Juliet Kyokunda is the Executive Director of the Uganda Biodiversity Fund. She talked to The Independent’s RONALD MUSOKE on why, among other issues, Ugandan manufacturers should join the conservation cause.
What prompted the creation of the Uganda Biodiversity Fund?
The Uganda Biodiversity Fund was established in 2016 following a meeting held in May the same year. Uganda is one country that has a lot of biodiversity and many stakeholders agreed that there is need for special focus on biodiversity conservation. We have a number of forces that are coming up and threatening this biodiversity. There is agriculture; influx of refugees, mining and oil and gas while poaching also remains a big challenge. At the moment, we are losing a lot of forest and swamps because there is a conflict between national development and conservation. The nation has to develop; we want industries; we want to produce goods and services so that we reduce dependence on other countries but, all this is happening at a cost. We are lucky to have all this diversity in animals and plants but what will happen in future? So, we are saying that we may not be able to conserve everything in the place where it used to be but, we have to, at least, work on a zero-net loss. If you cut down trees here, where else have you planted more so that we don’t lose out completely. So, among the things we are mandated to do, is to look at all the biodiversity in this country, including human beings because we can’t only focus on plants and animals while people are dying of hunger and poverty. So, the Uganda Biodiversity Fund, in addition to soliciting for funds, keeping them and ensuring that they are distributed through grants to different partners for biodiversity conservation, we also look at how the people are surviving in those communities.
How exactly does this model work?
Our job is to look for money for conservation and we do so in two ways. First, through sinking funds; where we get money for a specific cause; sub-grant it to do immediate implementation of projects for which we have solicited the money. But we are also planning on doing offsets. We know that every industry or factory in this country does some kind of harm to the environment. So we are planning to bring together the industrialists and businesses in this country to impress upon them the fact that if their businesses are going to remain viable, they need to embrace environmental conservation. We want to tell them that the people they employ and sell their goods to rely on the environment for survival. So,if you deal with chemicals and these end up in the water that people drink, tomorrow the businesses will directly be hurt even if your current concern is money. We, therefore, want to bring the manufacturers in the country on board so they contribute to a conservation endowment fund which looks at today and the future. We are targeting manufacturers and other donors to contribute towards that basket. What this means is that there will be continuity in our efforts to conserve the environment. Conservationists in Uganda at the moment rely on donors who genuinely give but the challenge is that conservationists are not assured of more tomorrow. So sometimes they cannot implement projects beyond completion because of limited funds. The endowment funds are, therefore, essential for the conservation of biodiversity in this country.

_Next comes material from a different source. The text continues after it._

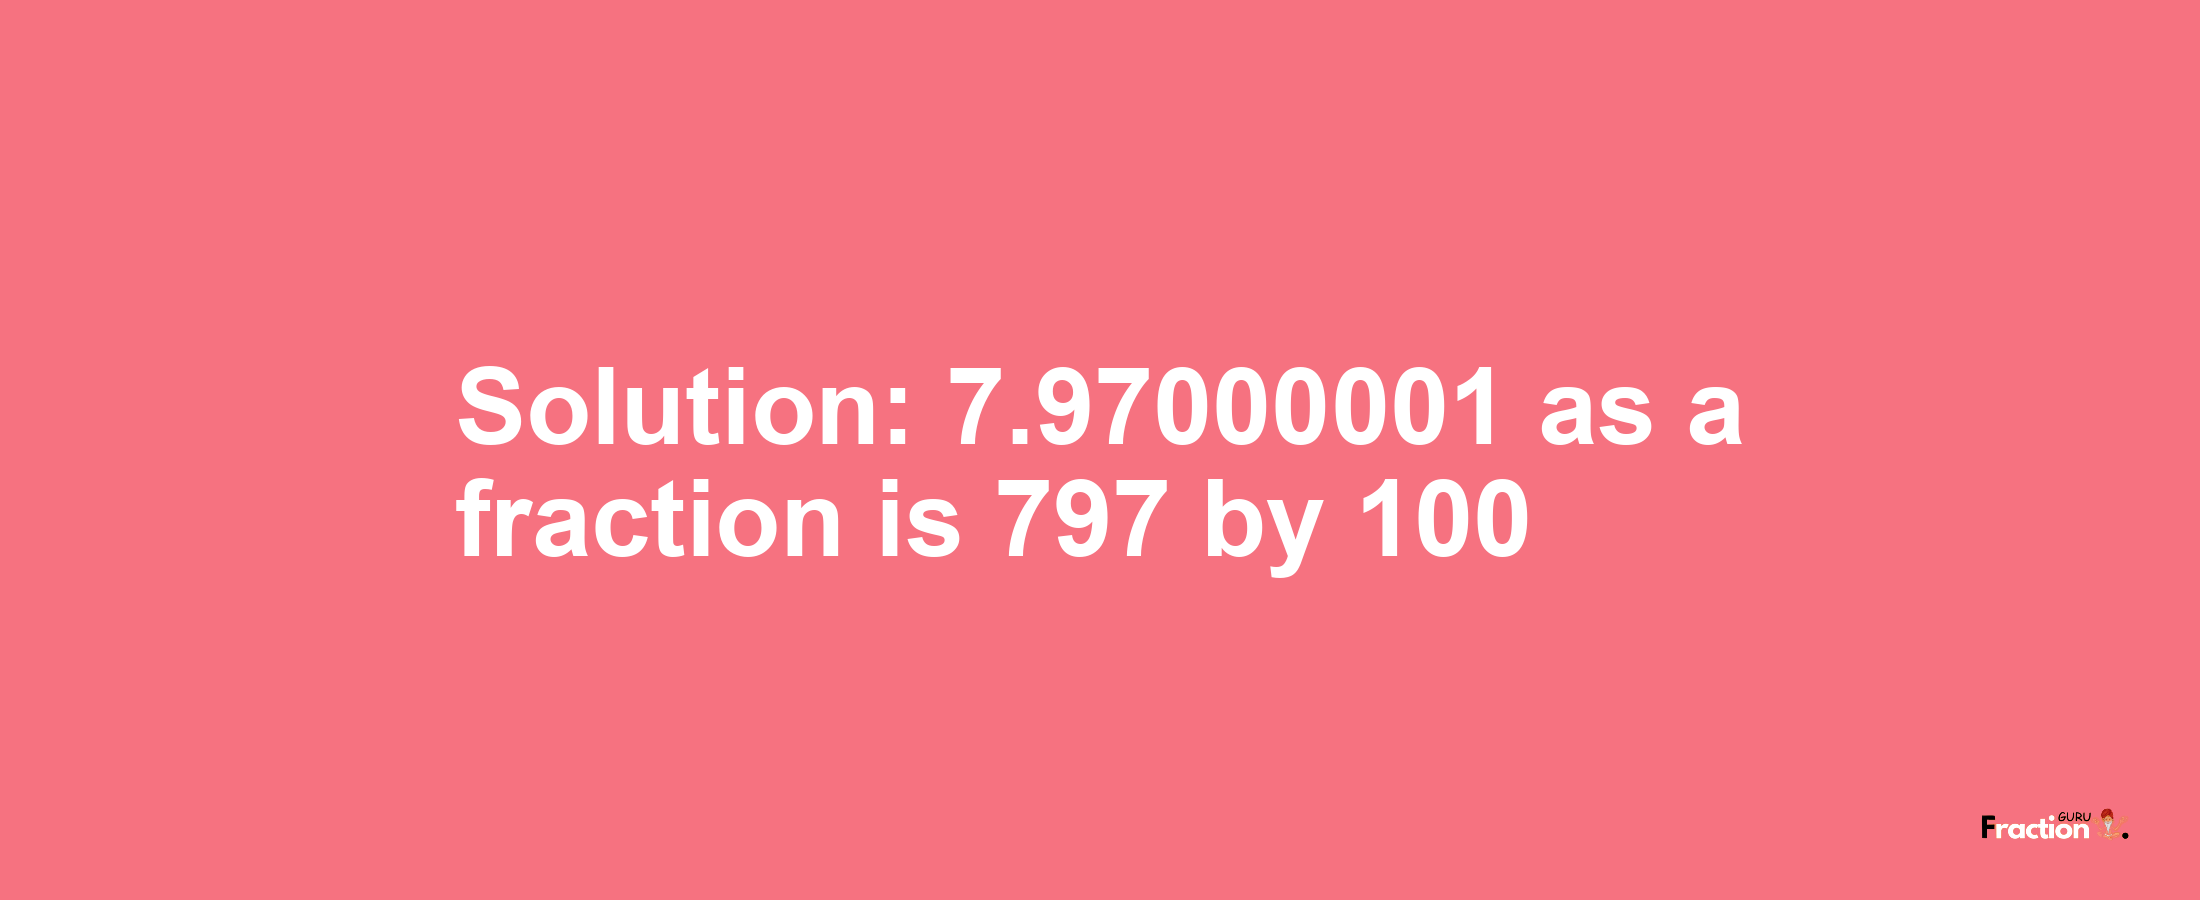 Solution:7.97000001 as a fraction is 797/100

Explain more how endowment funds would help do conservation work?
Endowment funds would help us work in every part of this country depending on the urgency and need. If we, for example, know that Mount Elgon is a time bomb, we should be able to look at Elgon in totality; not piecemeal. For now, we have different organizations doing commendable work within the Elgon region but each of these is more or less doing its work. But if, as a country we have an endowment fund, we should be able to sit down as stakeholders and say let’s tackle Elgon in the next three years. These are the activities in the first year, these will be done in the second year and we need to do three years. By the end of the third year, we should not have any problems with Elgon because we have tackled the challenge consistently and in totality. Those are some of the advantages of working with endowment funds.You can work anywhere but you are also able to phase your projects and make sure you follow them through up to completion. I will give you an example of Mozambique. They have about US$70 million in endowment funds and so they are able to look at their key biodiversity areas and see where there is urgency. For now, they are restocking their game reserve within Maputo. They are consistently working on it; fencing it, restoring and making it better. They want to bring it up to standard and ultimately turn it into a national park. They are able to do all that because they know they have endowment funds that generate income every other year.
How do you intend to interest Ugandan businesses and industrialists to support biodiversity conservation?
They need to know that they have to be responsible in their way of doing business. Some of them are doing lots of things behind the door, hoping and praying that no one finds them. That is an irresponsible way of doing business. But, we also think that you cannot judge people until you have talked to them; maybe they are ignorant about their businesses’ impact on the environment. So we shall reach out to them, speak to them and tell them about what they can do and then see if they are able to change.